===== DATA SHOWN =====

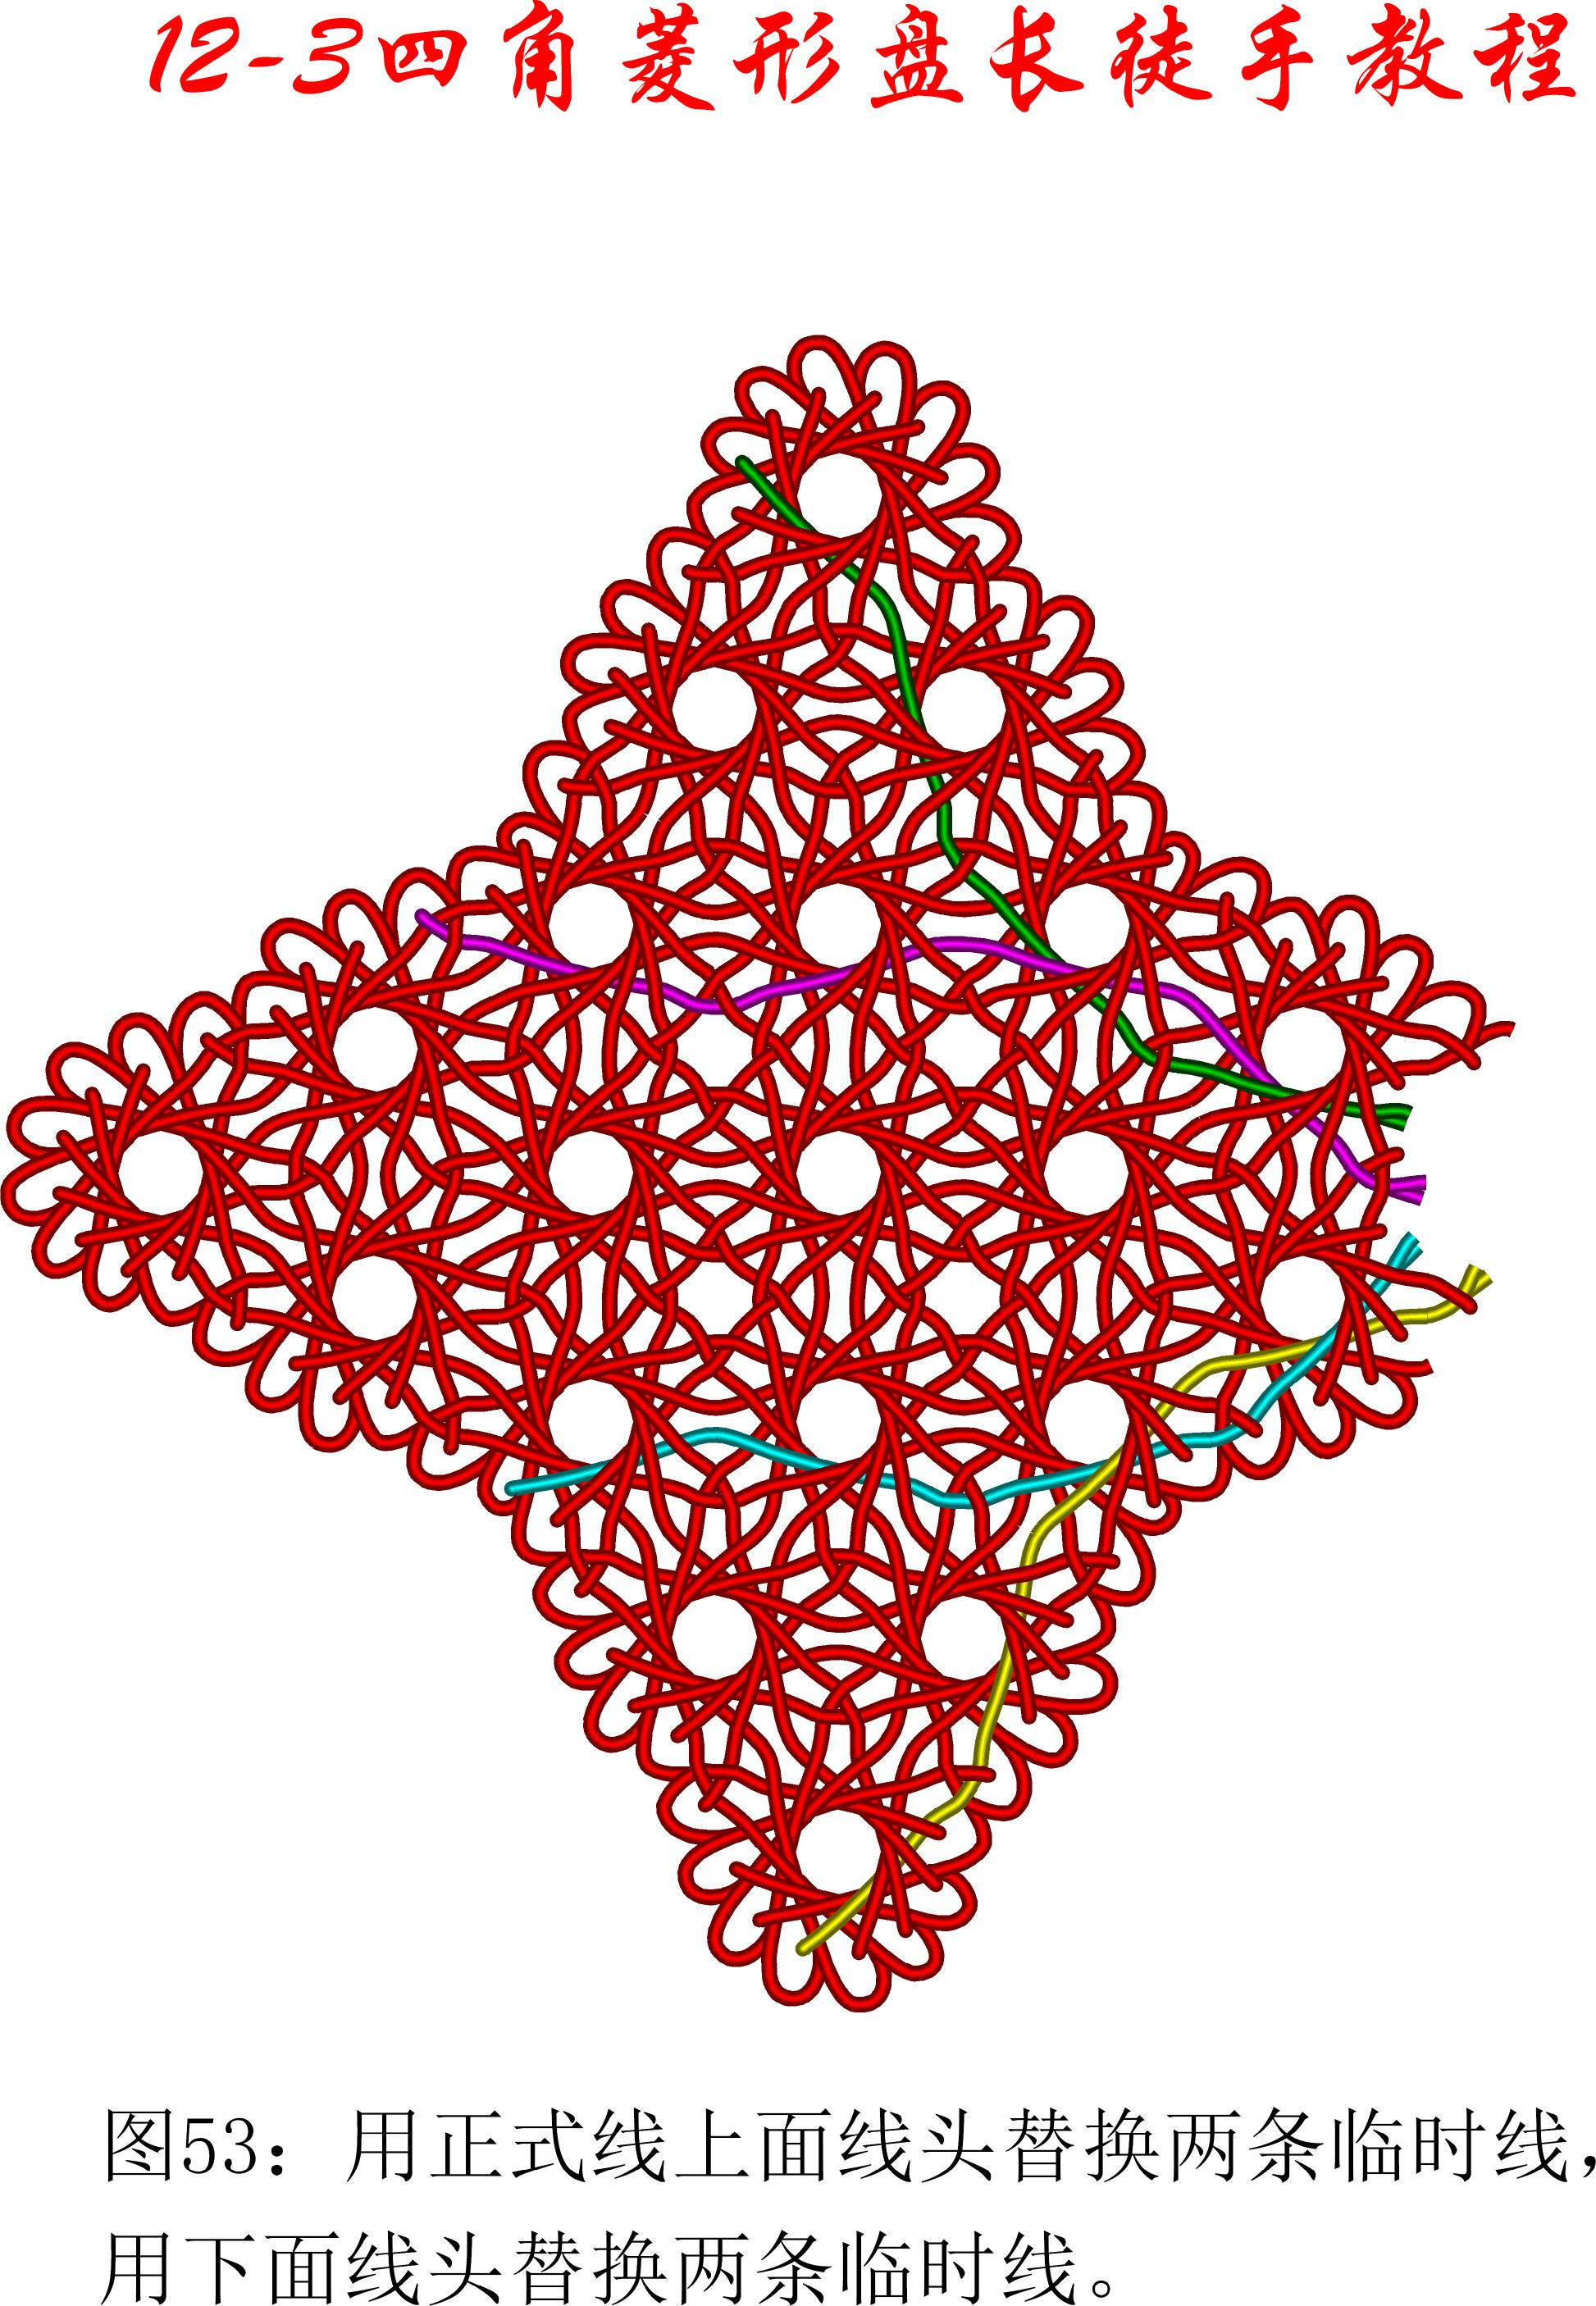 中国结论坛 12-3四角菱形盘长徒手教程 教程,菱形实心花的编织图解,长方形做菱形怎么做,长方形分菱形图解,菱形四边一样长吗 丑丑徒手编结 133854p188u808vq8yyv1i
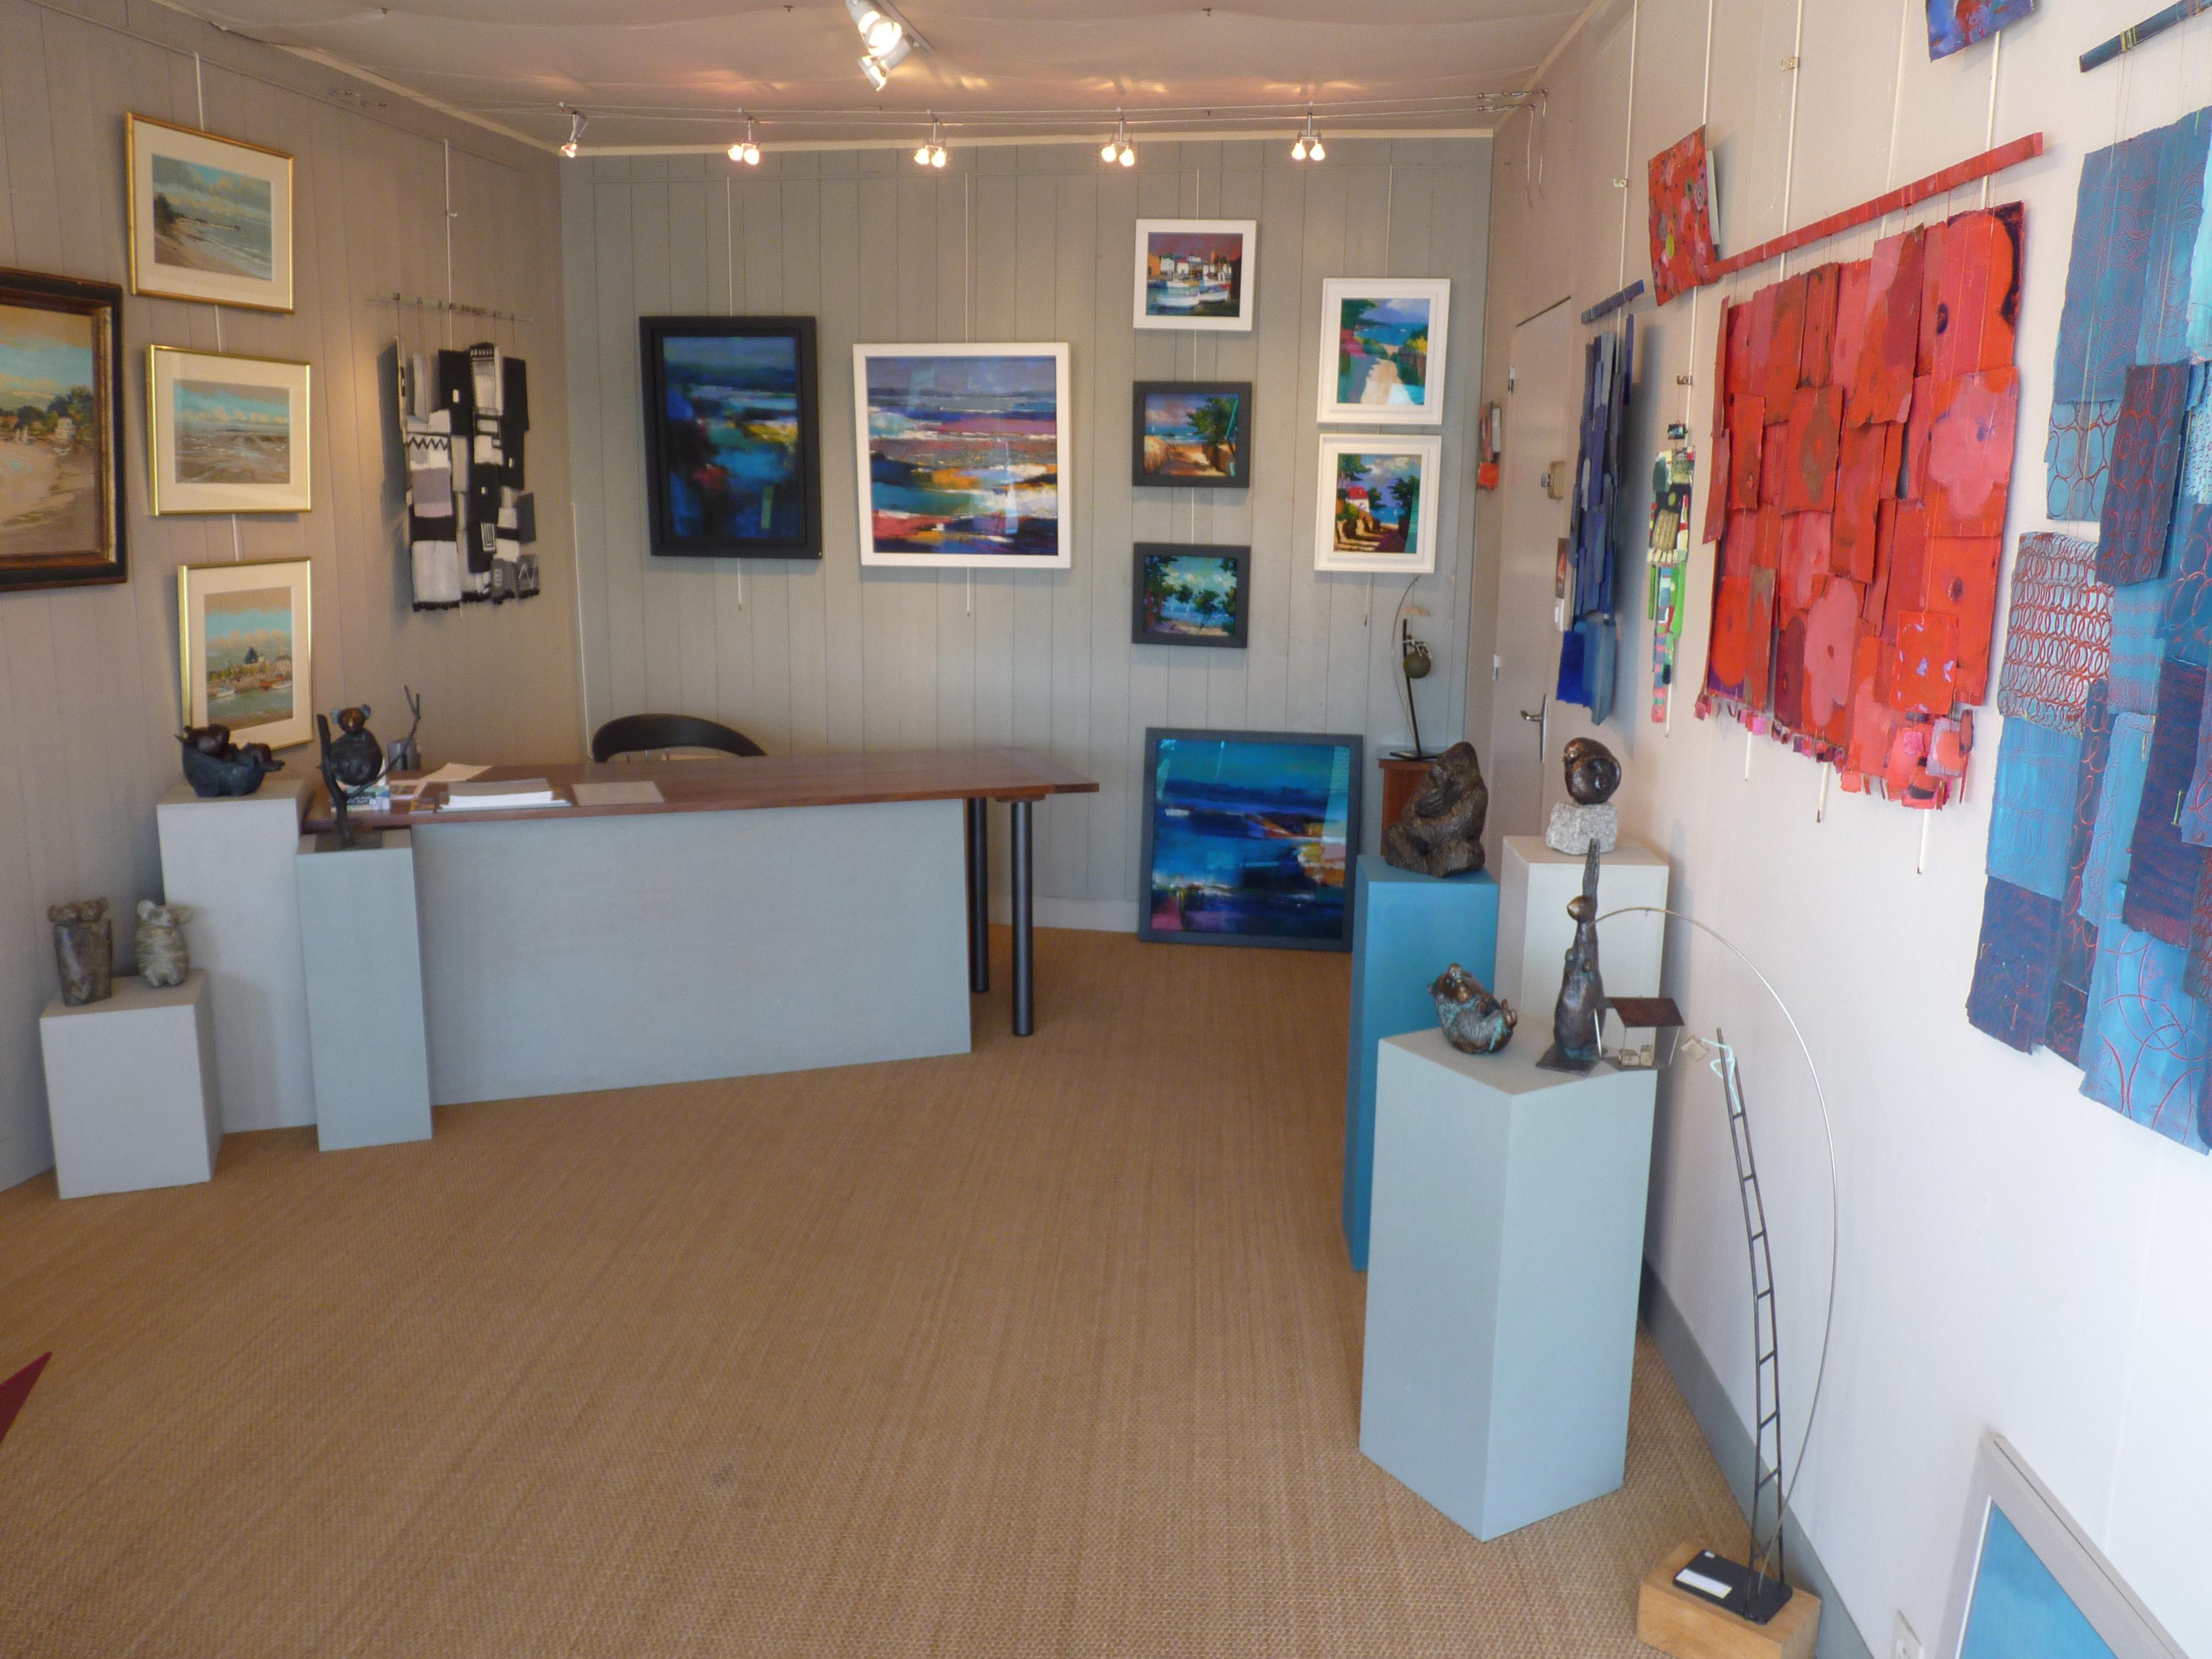 Galerie du port noirmoutier - Galerie du port noirmoutier ...
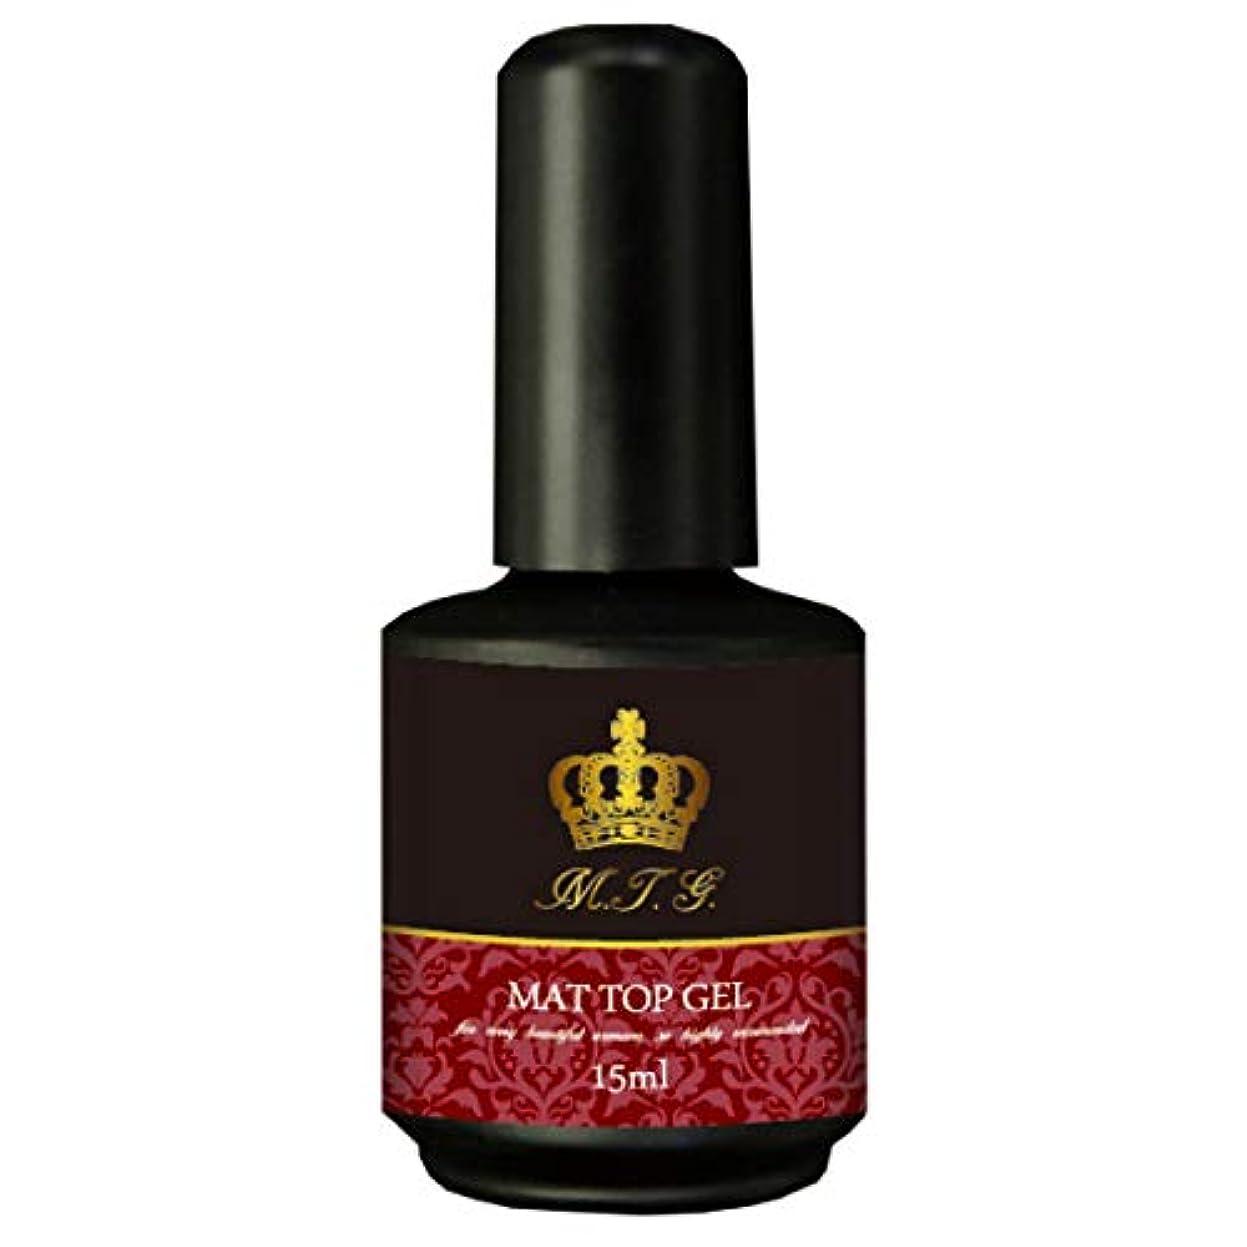 シャックル素敵なこどもの宮殿ジェルネイル《拭き取り不要のポリッシュタイプ》MAT TOP COAT GEL ノンワイプマットトップジェル(15mL)

=====

WHAT IS NEEDED: Every line above should be printed again word for word, without its pictures.

RESULT:
 中国结论坛 12-3四角菱形盘长徒手教程 教程,菱形实心花的编织图解,长方形做菱形怎么做,长方形分菱形图解,菱形四边一样长吗 丑丑徒手编结 133854p188u808vq8yyv1i
 Galerie du port noirmoutier - Galerie du port noirmoutier ...
 シャックル素敵なこどもの宮殿ジェルネイル《拭き取り不要のポリッシュタイプ》MAT TOP COAT GEL ノンワイプマットトップジェル(15mL)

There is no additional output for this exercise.